Тогда это был лучший из видов спорта. Почти все, исключая качков с длинноременьем через плечо (фиолетовая надпись «Queen» на белой диагональной полосе) и фраеров с франтоватой папочкой, куда помещались дневник, ручка, тетрадь (одна), носили портфели и дипломаты. При удачном ударе твой портфель некоторое время даже сопровождал в падении своего поверженного собрата. Так в теннисе ракетка по правилам должна мгновение сопровождать спешащий назад мяч.

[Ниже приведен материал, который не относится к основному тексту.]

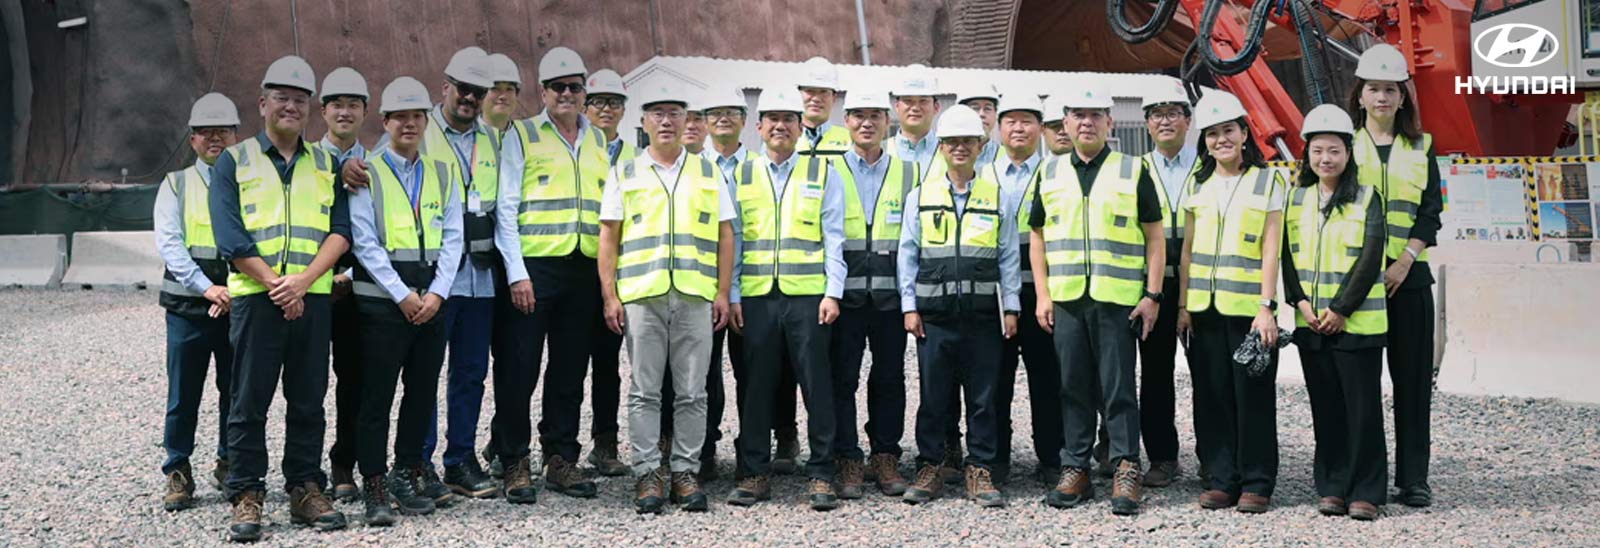 El presidente ejecutivo Euisun Chung visitó la obra del túnel subterráneo que está construyendo Hyundai Engineering & Construction para el megaproyecto NEOM.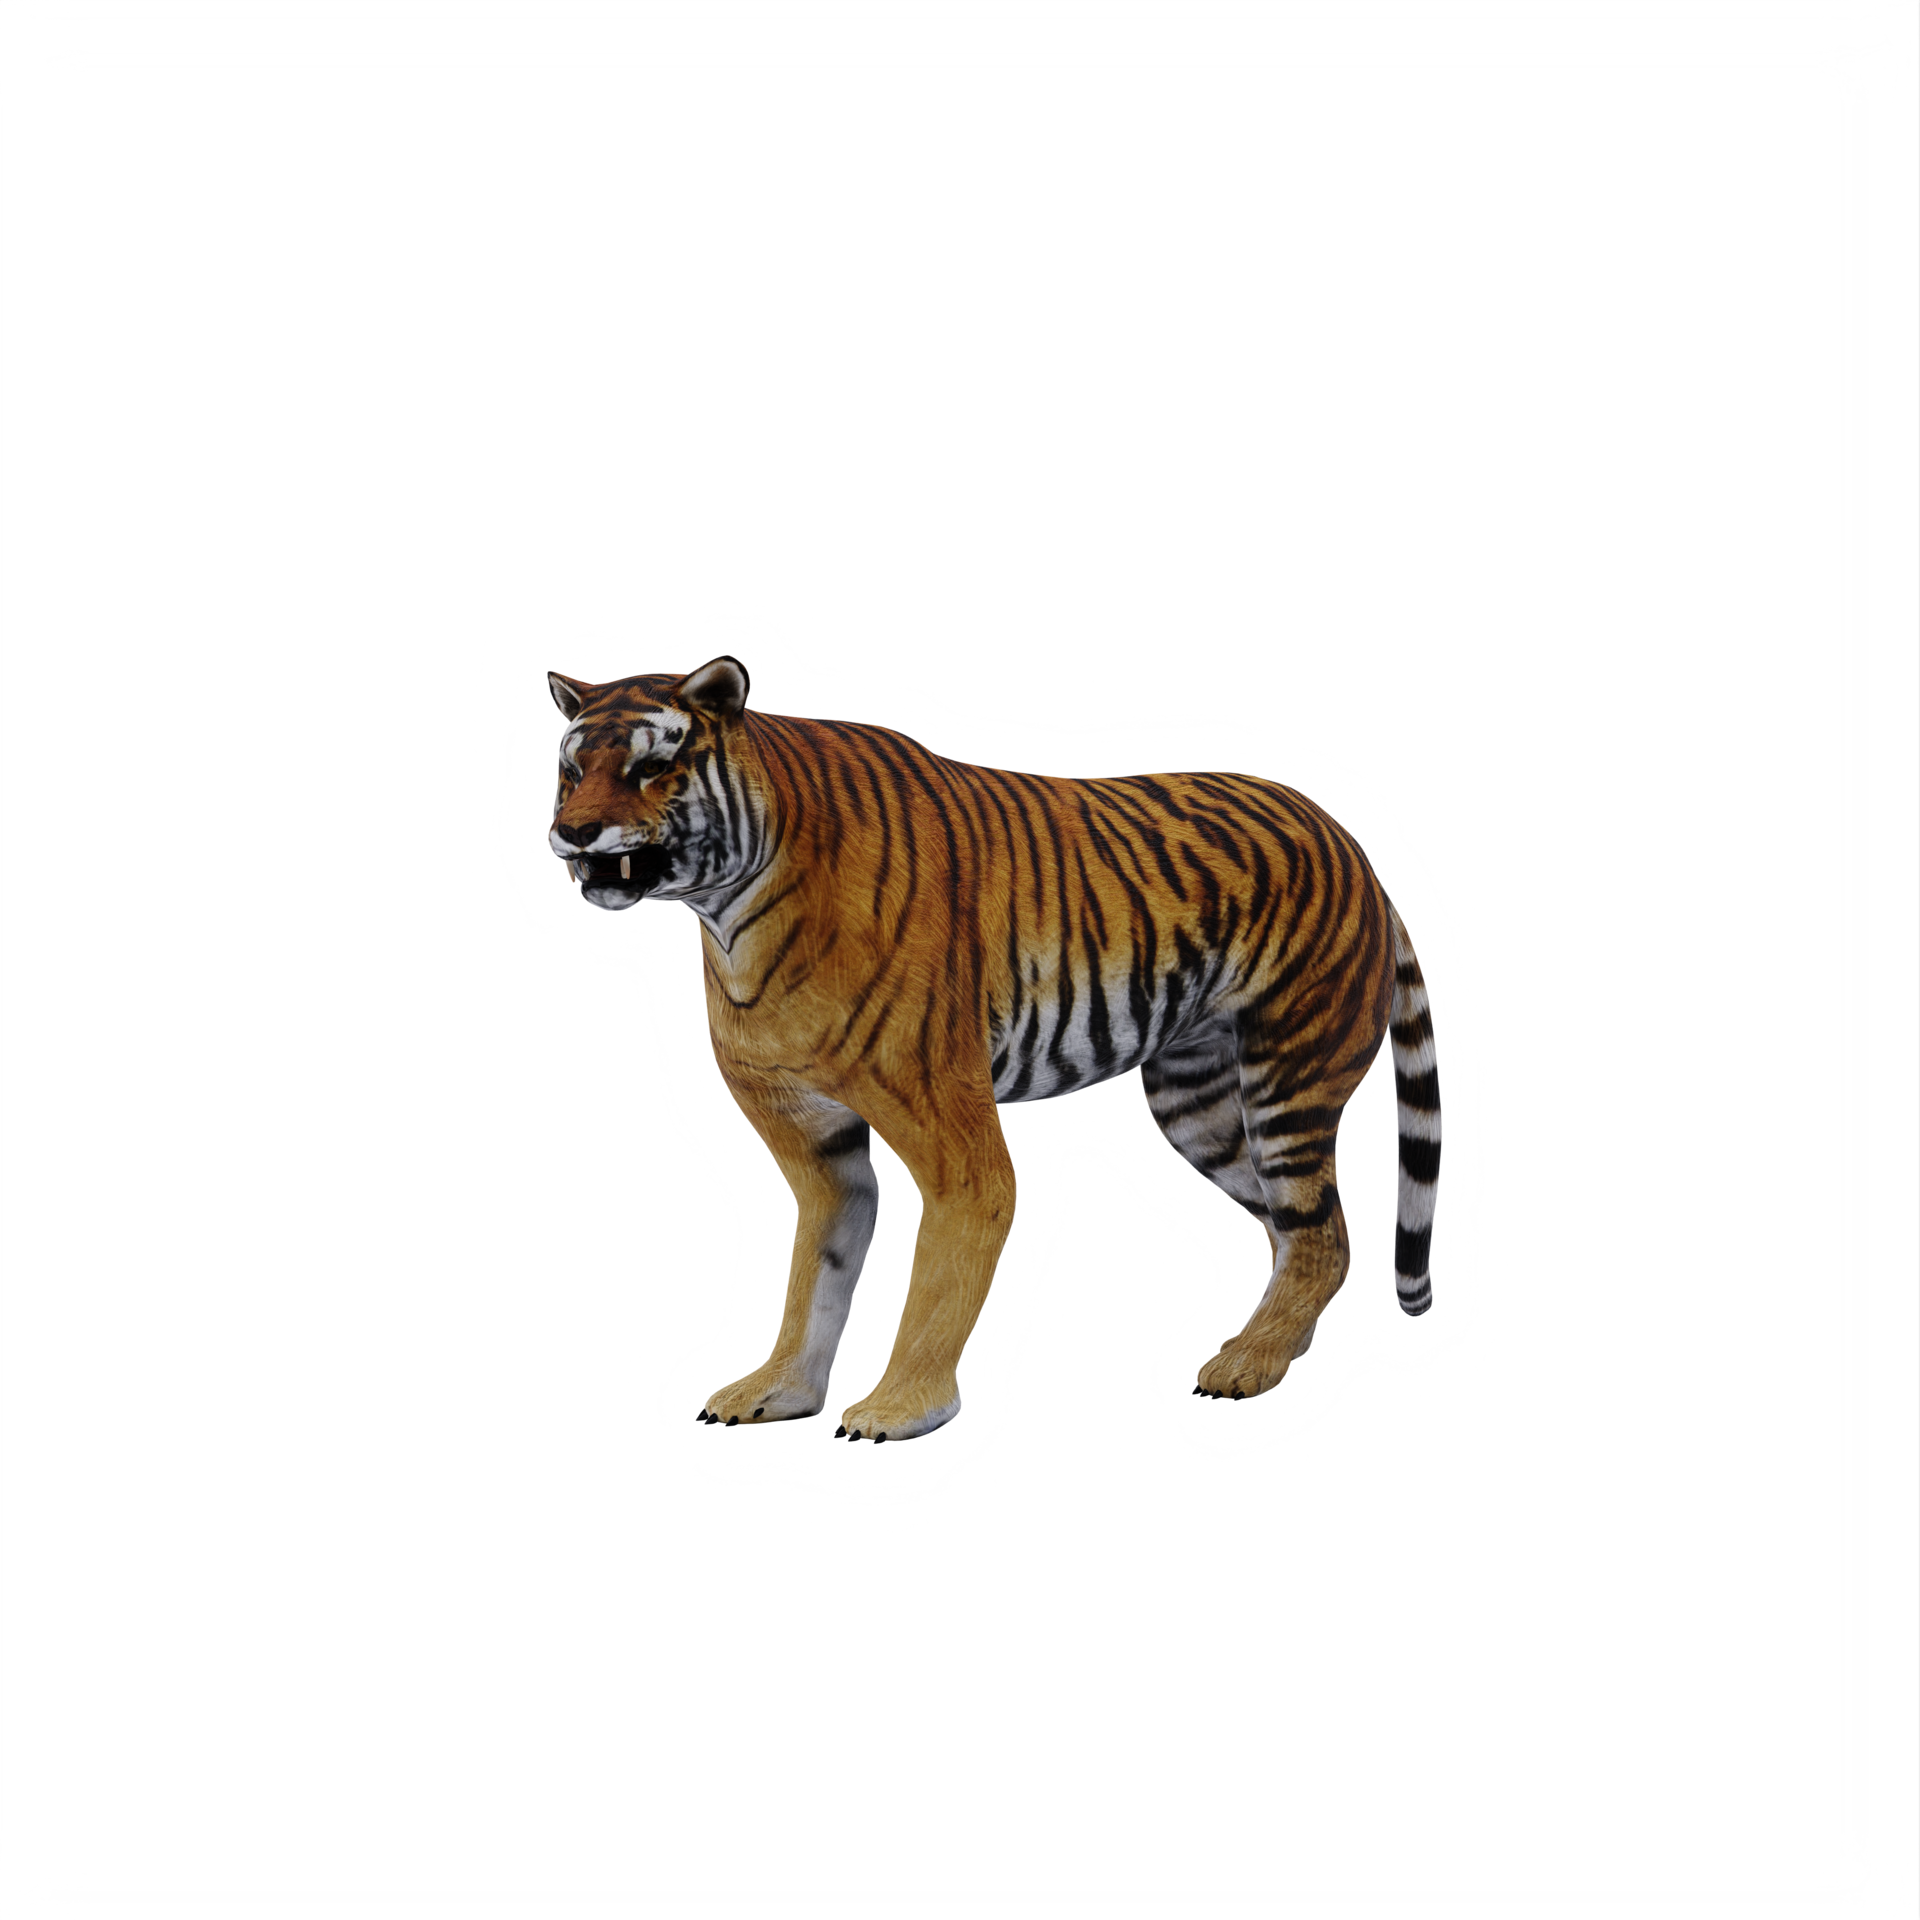 tigre 3d isolado 18875963 PNG

Удар был удачным. Портфель глухо шмякнулся на пол (так шмякается дерьмо на лопухами поросшем солнечном пустыре) и замер. Алла повернулась. Я улыбнулся. В руке у нее была авоська со спортивной одеждой и кедами. Она размахнулась, сумка влетела мне прямо в физиономию. Коридор и четырехугольник окна быстро качнулись вправо, рухнули вниз и рассыпались там подлым звоном осколков. Колер остался тот же, но границы расплылись: окно перетекало в стены, стены — в коричневую форму Аллы, форма, да и вся Алла набухали красным бутоном галстука. Я стоял почти ослепший без очков, в ореоле запаха ног и подмышек главной пионерши класса, и понимал, что это все. Я кончился. Сквозь звон в ушах я услышал сосущий шепот: «Сорви, сорви его». Странно, но мы были одни, совсем одни в том коридоре. Я буквально нырнул на этот красный бутон и, когда наконец разнял руки, в каждой было (я чувствовал это на ощупь) по жалкой измятой тряпочке. Красный бутон лопнул; мои кулаки сжимали лепестки. И тогда я разжал их, и тряпки упали на пол.
Пустой пыльный закоулок школы, освещенный вермееровским окном. Толстая школьница со священным ужасом уставилась перед собой. Я остервенело топчу остатки галстука и остатки своих очков. Вперемежку.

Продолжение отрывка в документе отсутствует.